Why will declarative programming rule chatbots, AI and cognitive computing?
If you are creating a smart app or a chatbot that relies on some cognitive services to do the heavy lifting for you, and you end up writing imperative code, you must be doing something wrong.
Declarative programming is a paradigm where you write code by describing WHAT you want to do, while in imperative programming you are required to describe the HOW.
Consider an example for ordering a table in a restaurant described in imperative vs. declarative approach. The example is adapted from Tyler McGinnis’ article on the difference between imperative and declarative programming.
Imperative (How): I see an empty table with two seats located next to the window. If there is no reserved sign on it, then my wife and I are going to walk over there and sit down. Otherwise, we will check the table next to it.
Declarative (What): Table for two, please.
The majority of the chatbots today are being built using imperative approach, and it’s no wonder why they sound like an automated machine that follows a fixed decision-tree.
To the left is a flow-chart diagram trying to simulate an intelligent conversation for a fairly simple chatbot that can organize meetings for employees at Progress.
It’s just an immense task to create an intelligent chatbot that allows the user to write in natural language, change his mind at every point of the conversation and rely on the chatbot’s short term memory all being done in imperative code and fixed-decision trees.
As an alternative, at Darvin.ai you use a declarative approach where you describe what information you want to extract from a conversation, and let a set of cognitive algorithms handle the conversation for you. But more on that later.
The status quo — imperative programming
To understand how we accept this approach as the norm, we need to go back and look at how the chatbot market hype and opportunity has evolved for the past 4 years.
The analyst firm Gartner Inc. has developed a model to describe the technology adoption of new and emerging technologies called Gartner Hype Cycle that has 5 phases that I will use to illustrate the evolution of chatbots and cognitive computing.
Phase 1: The Technology Trigger — Natural Language Processing
A potential technology breakthrough kicks things off. Early proof-of-concept stories and media interest trigger significant publicity. Often no usable products exist and commercial viability is unproven.
The proliferation and success of startups focused on processing natural language in the form of voice and text was marked by key acquisitions. Wit.ai was acquired by Facebook in 2015 and Api.ai was acquired by Google in 2016. Microsoft also introduced its Luis NLP service in combination with its Bot Framework.
The promise was that you can use any NLP provider as a silver bullet to understand natural language, and simply create your conversation flow using imperative programming. Bot Framework comes with .NET and Node.js SDKs to help you do that.

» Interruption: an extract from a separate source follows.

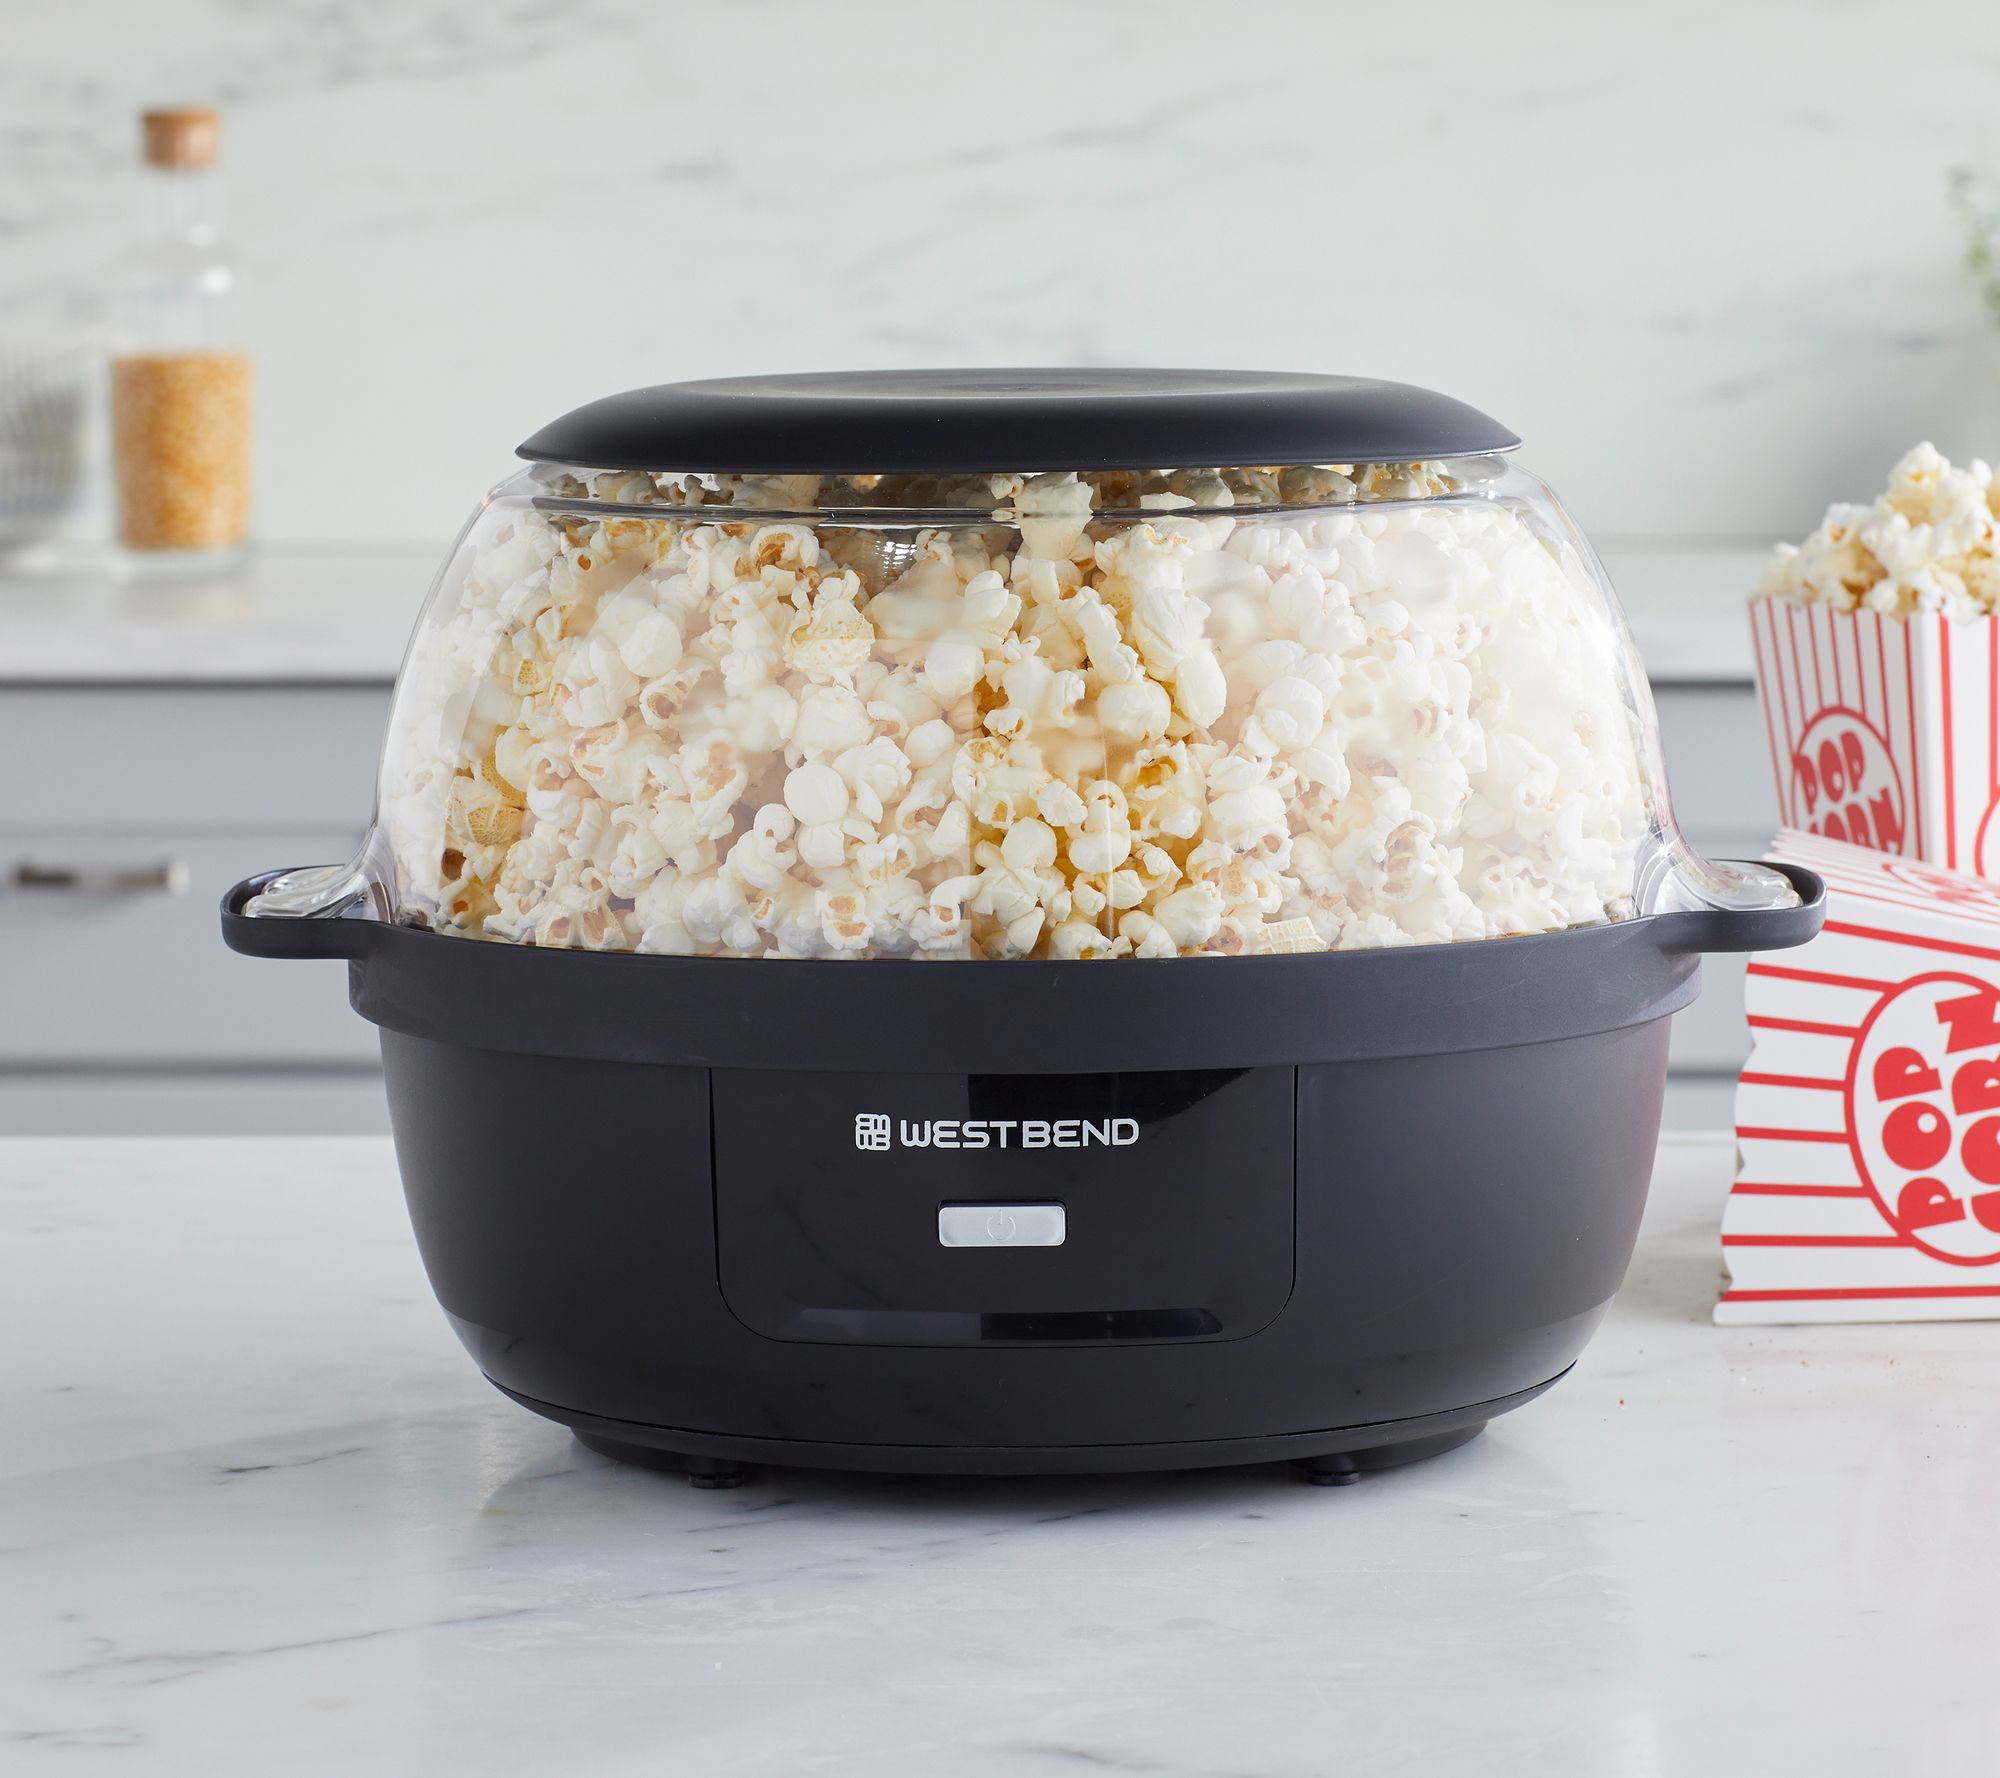 Product Review-West Bend Stir Crazy Popcorn Popper 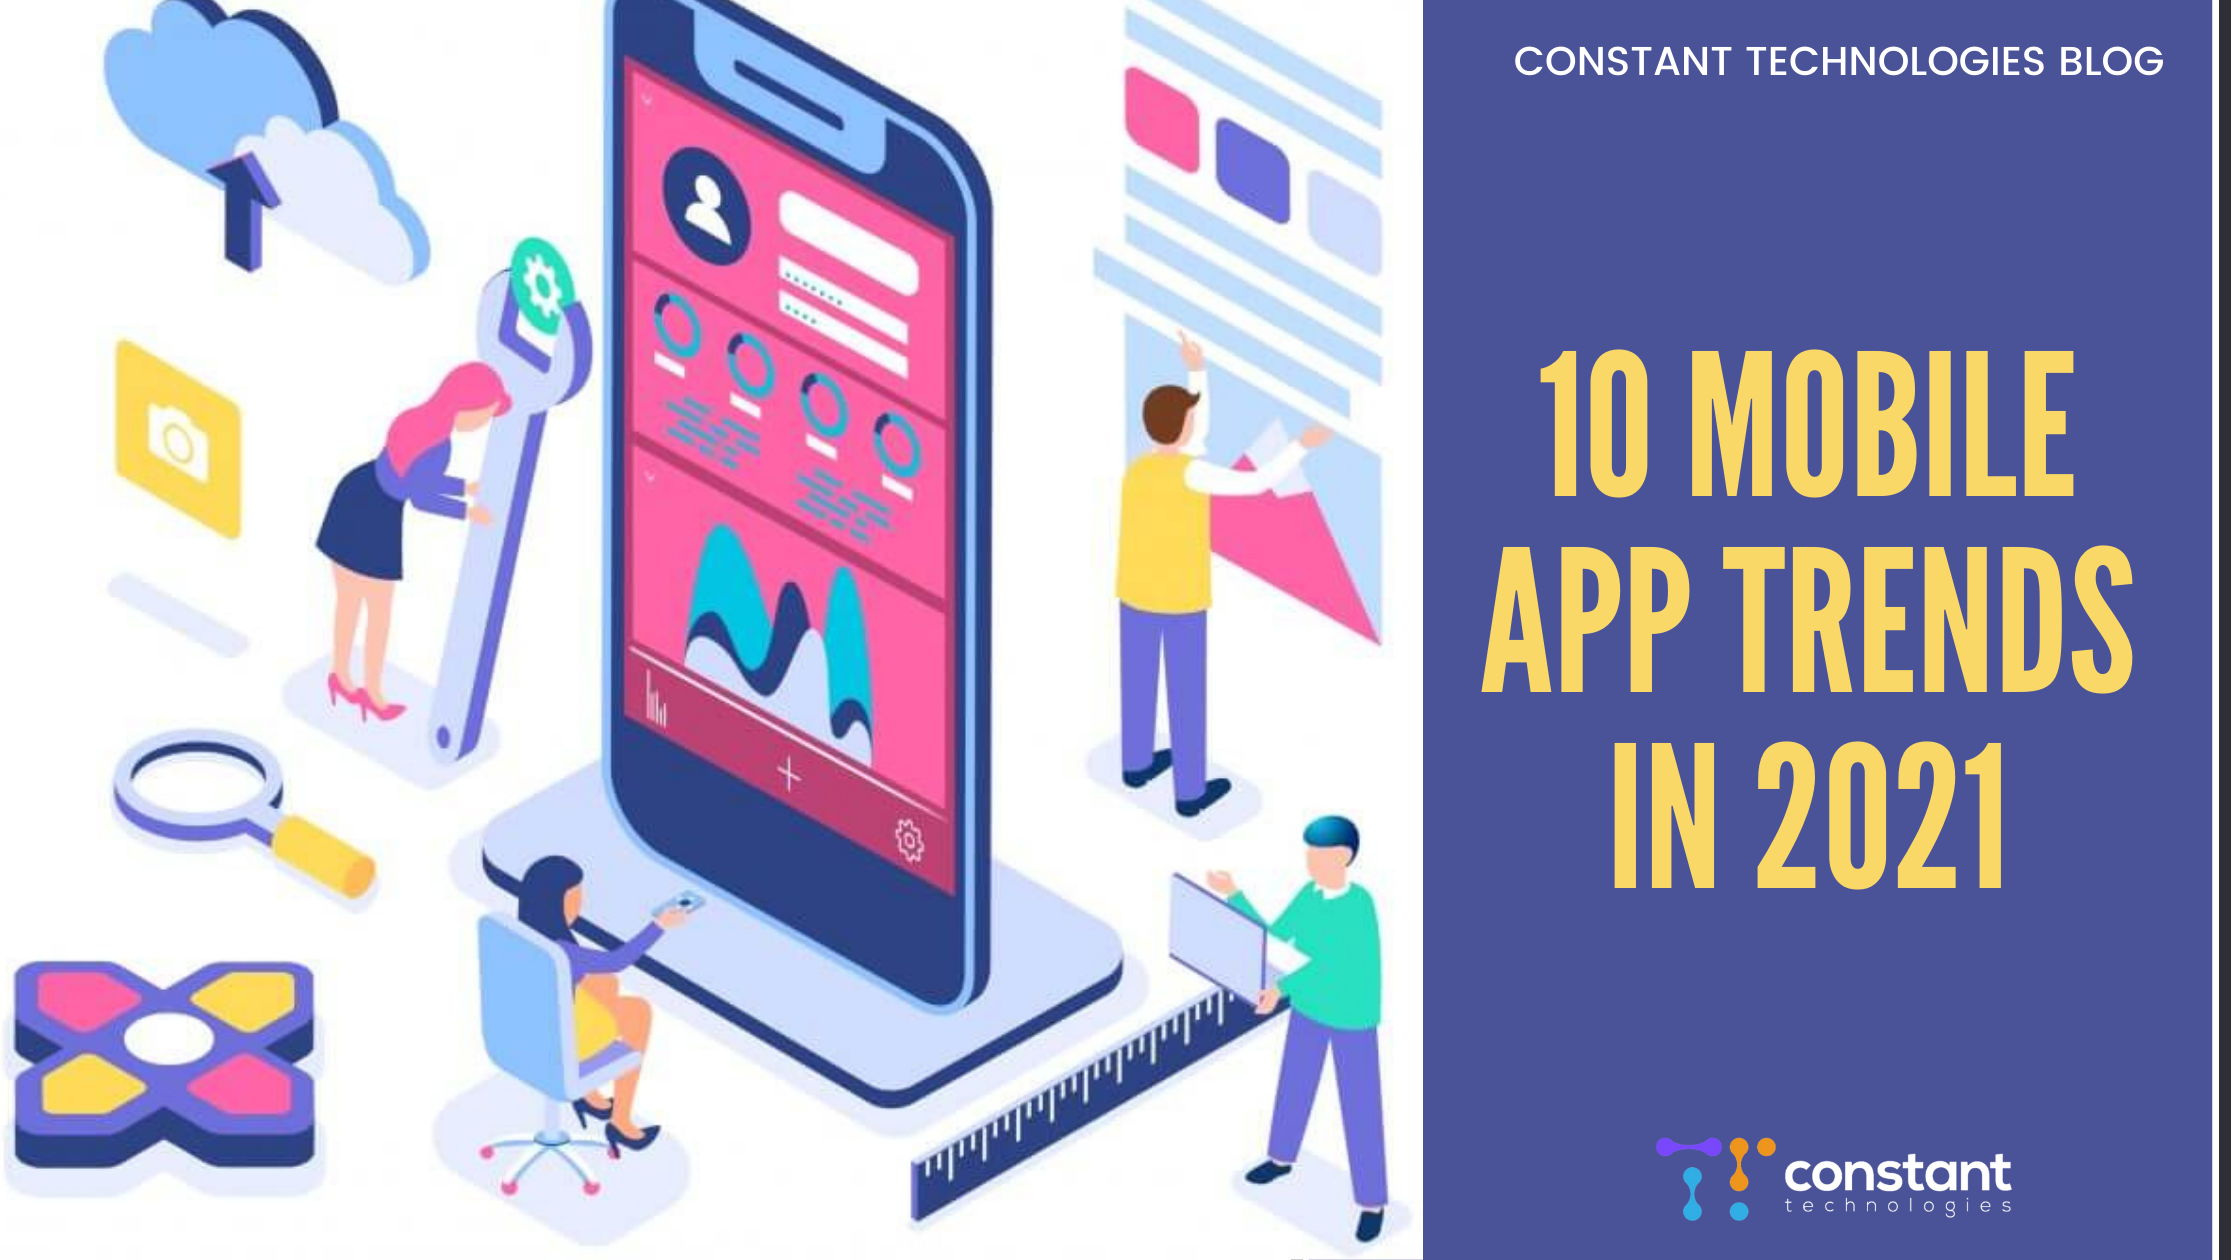 " 10 Mobile App Trends in 2021"

Phase 2: Peak of Inflated Expectations — Facebook opens Messenger
Early publicity produces a number of success stories — often accompanied by scores of failures. Some companies take action; many do not.
Early publicity took a peek when Mark Zuckerberg got on stage in April 2016 and announced that Facebook opens Messenger platform for chatbots. The next big thing was here. The number of vanity metrics surrounding chatbots skyrocketed with numbers quickly demonstrating faster adoption than mobile apps.
Phase 3: Trough of Disillusionment — Dumb and Dumber
Interest wanes as experiments and implementations fail to deliver. Producers of the technology shake out or fail. Investments continue only if the surviving providers improve their products to the satisfaction of early adopters.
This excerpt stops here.